Five Foolproof TRX Ab Exercises You’ll Love to Hate

As a former professional swimmer, I may not wear a swimsuit daily anymore, but I still train like I do. So I maintain a healthy love-hate relationship with some stellar TRX core exercises to keep my abs swimsuit-ready. Check out this unexpected array of five money moves that will crush your core and show off that svelte six-pack in no time. The more you hate these core exercises, the more love they give. Say hello to your new besties.

TRX Standing Oblique Rollout: You are my friend … for now.

I can make you easier by stepping away from the anchor and harder by stepping back, so I like you for that. Our friendship diminishes as I roll out and try to stabilize my body on the straps, forcing me to engage my deep stabilizers and lighting up my core in 360 degrees. Don’t push your luck with me.

TRX Pike-Up: You’re a wolf in disguise.

Sure, you’re a hinging exercise for hip mobility and you also challenge shoulder stability, but stop disguising yourself as Down Dog, faker. Abs, abs, abs. Burn, burn, burn. And just when I think things can’t get harder, gravity reminds me of its existence as I try to slowly lower my hips back to plank. You’re not a dog. Reveal yourself.

TRX Torso Rotation: Who said we were ever friends?

Targeting my hips, obliques, shoulders and back is cool, but the sneak attack of pain as I come out of rotation is not. Who needs eccentric control anyway? The more I decelerate, the more my torso chisels. Totally just unfriended you.

TRX Side Plank With Hip Drop: You’re banned from the TRX club.
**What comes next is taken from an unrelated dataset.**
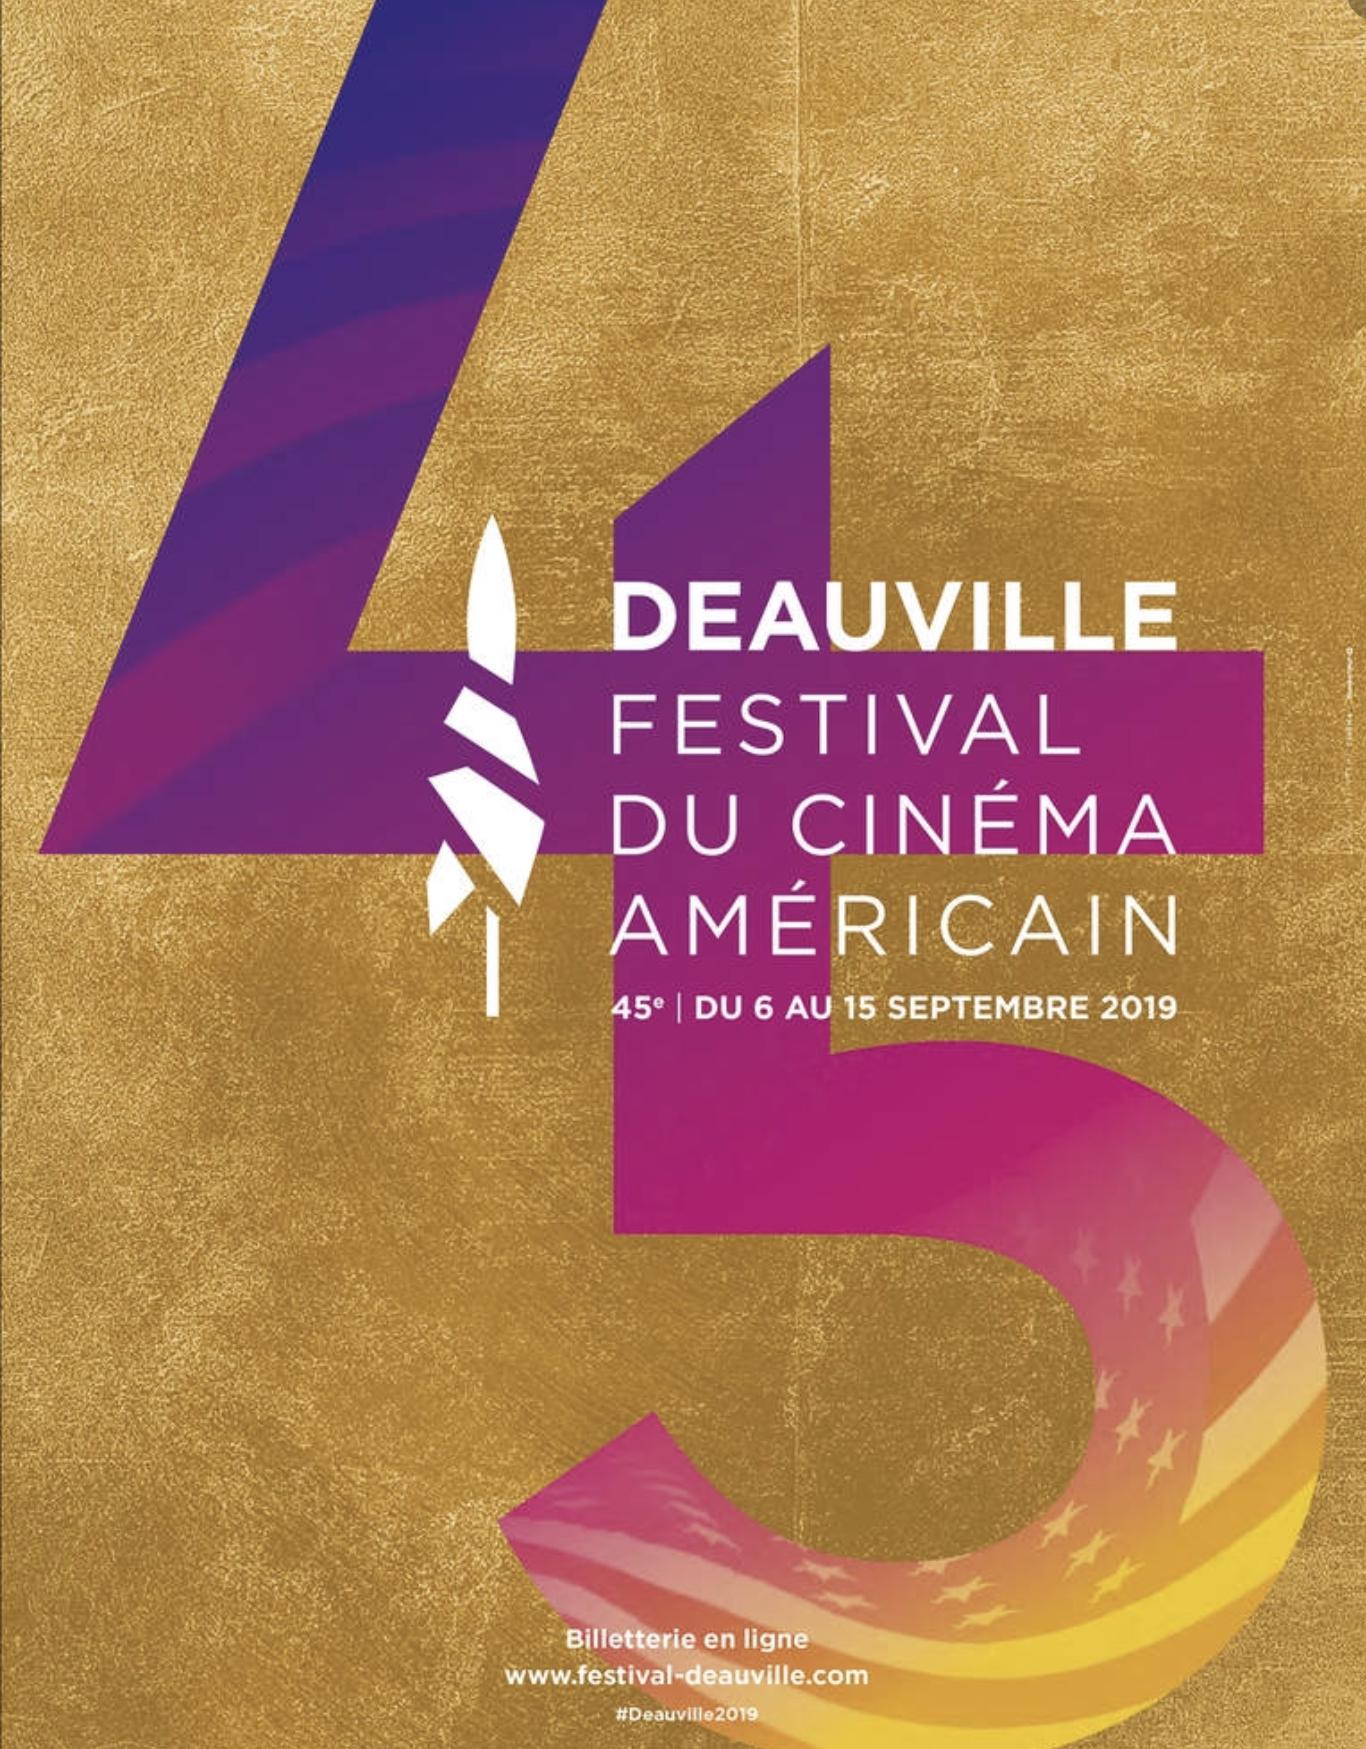 9월에 개최될 '도빌 미국 영화제'.jpg

You are Pilates on steroids and you know it. Who needs frontal plane exercises anyway? My lateral chain is pretty strong, yet I weep the next day from armpit to hip. You’re dead to me.

Rip Stick: I despise you.

Dear angry yellow stick: My butt is on fire and my abs and obliques just joined the party. I sooooooo own you, isooooo-metric hold. I’ll use perfect posture to protect my spine and diaphragmatic breathing to increase core stability. I can resist rotation back to the anchor and hold that position for as long as you can, you evil little bar with a leash. I love to hate you. You complete me, bae.